What is expected:
Retype the lines below exactly, but only those from the line that has "Black Bean Soup" through the line that has "nyc, people, street, new". Omit every picture.

Record set:
-------------------------

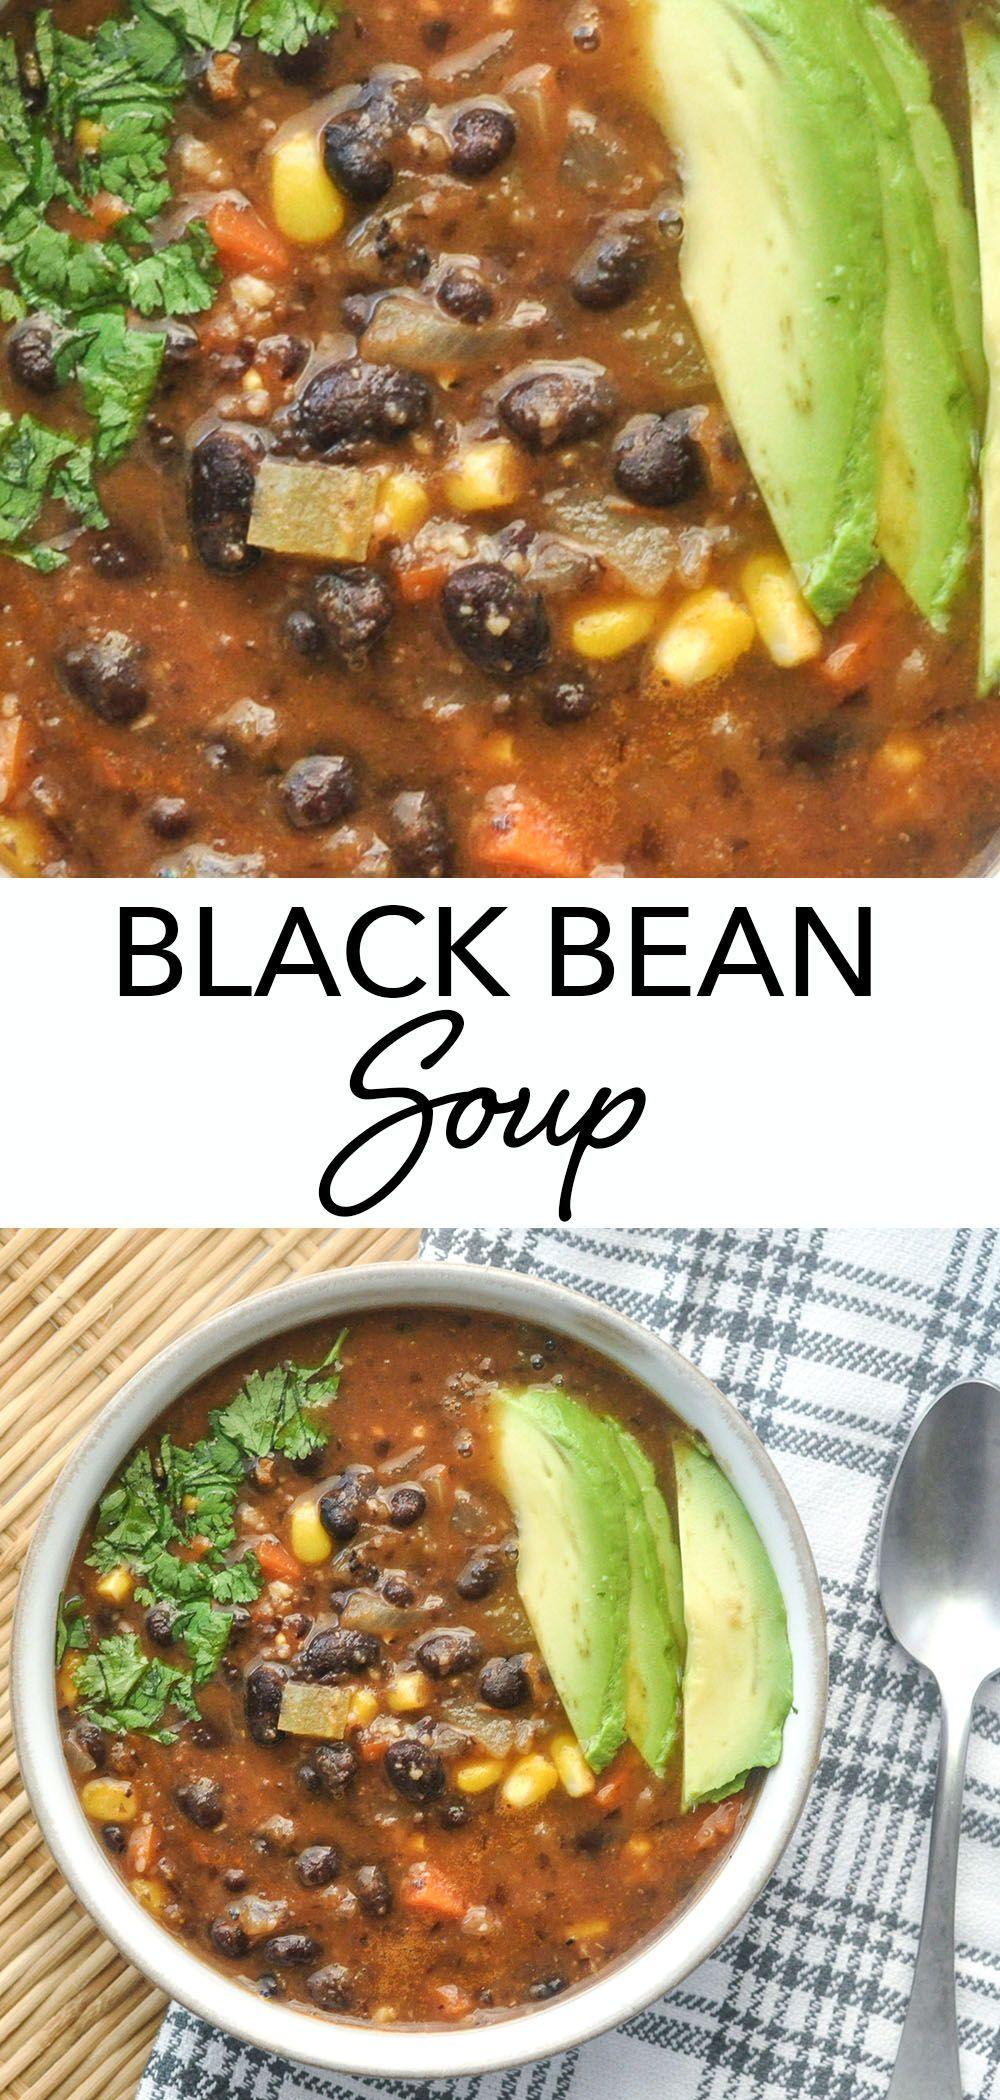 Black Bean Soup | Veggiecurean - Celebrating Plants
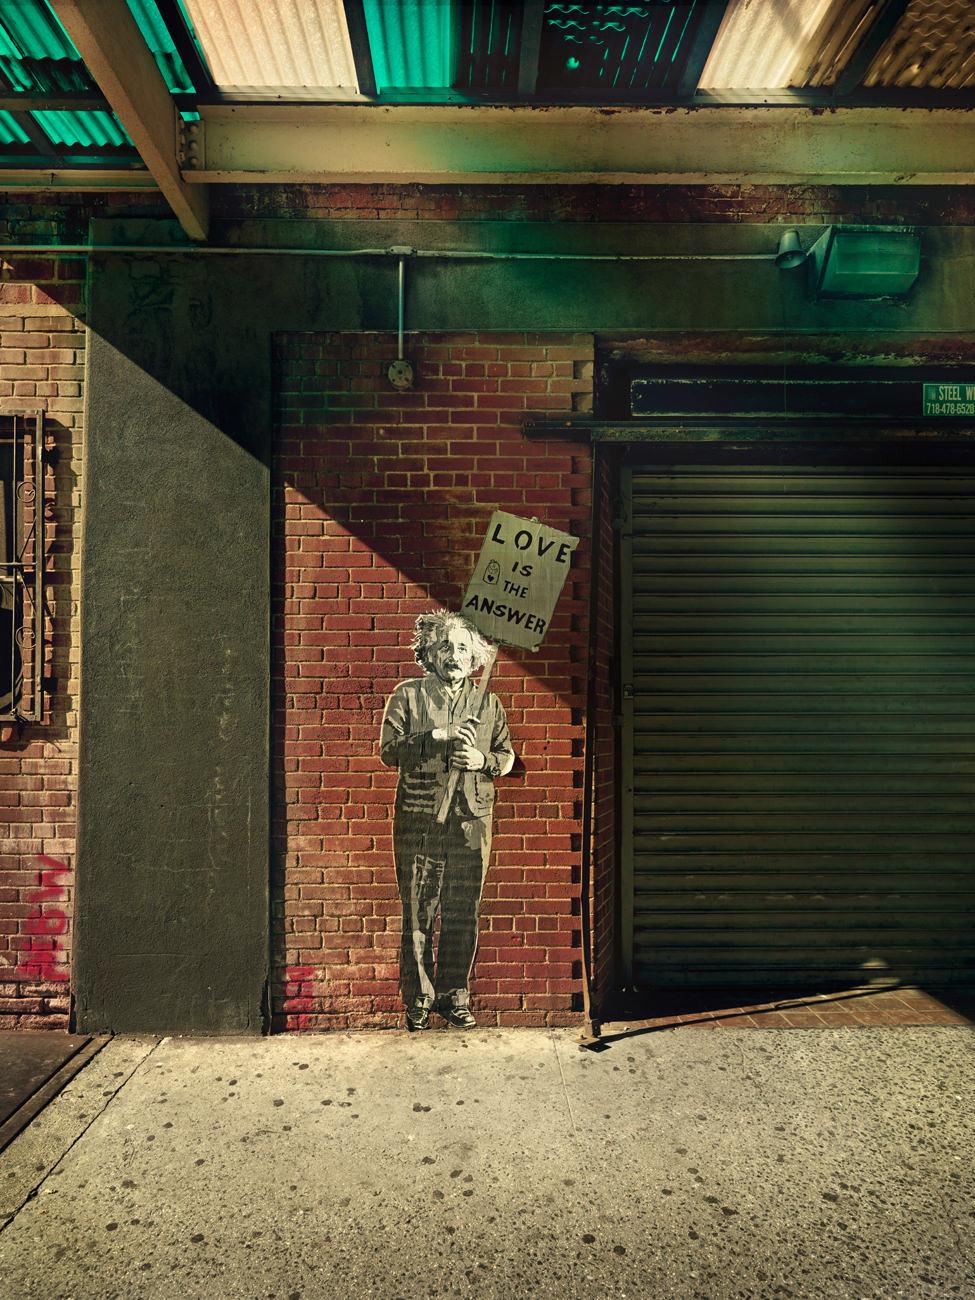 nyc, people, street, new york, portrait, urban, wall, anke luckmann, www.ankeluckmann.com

-------------------------

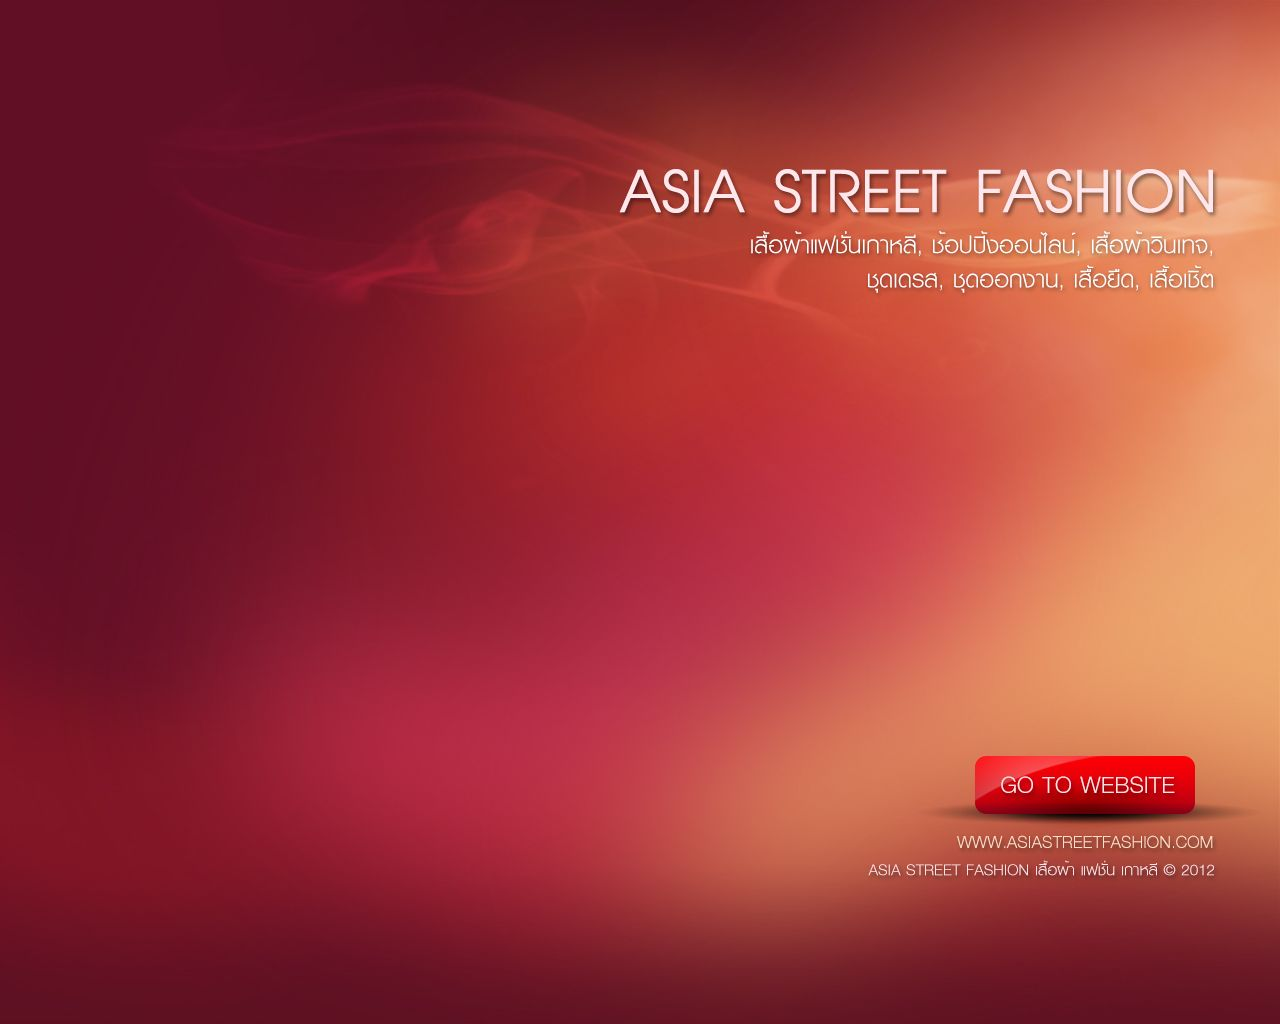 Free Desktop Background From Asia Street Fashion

-------------------------

Response to the exercise:
 Black Bean Soup | Veggiecurean - Celebrating Plants
 nyc, people, street, new york, portrait, urban, wall, anke luckmann, www.ankeluckmann.com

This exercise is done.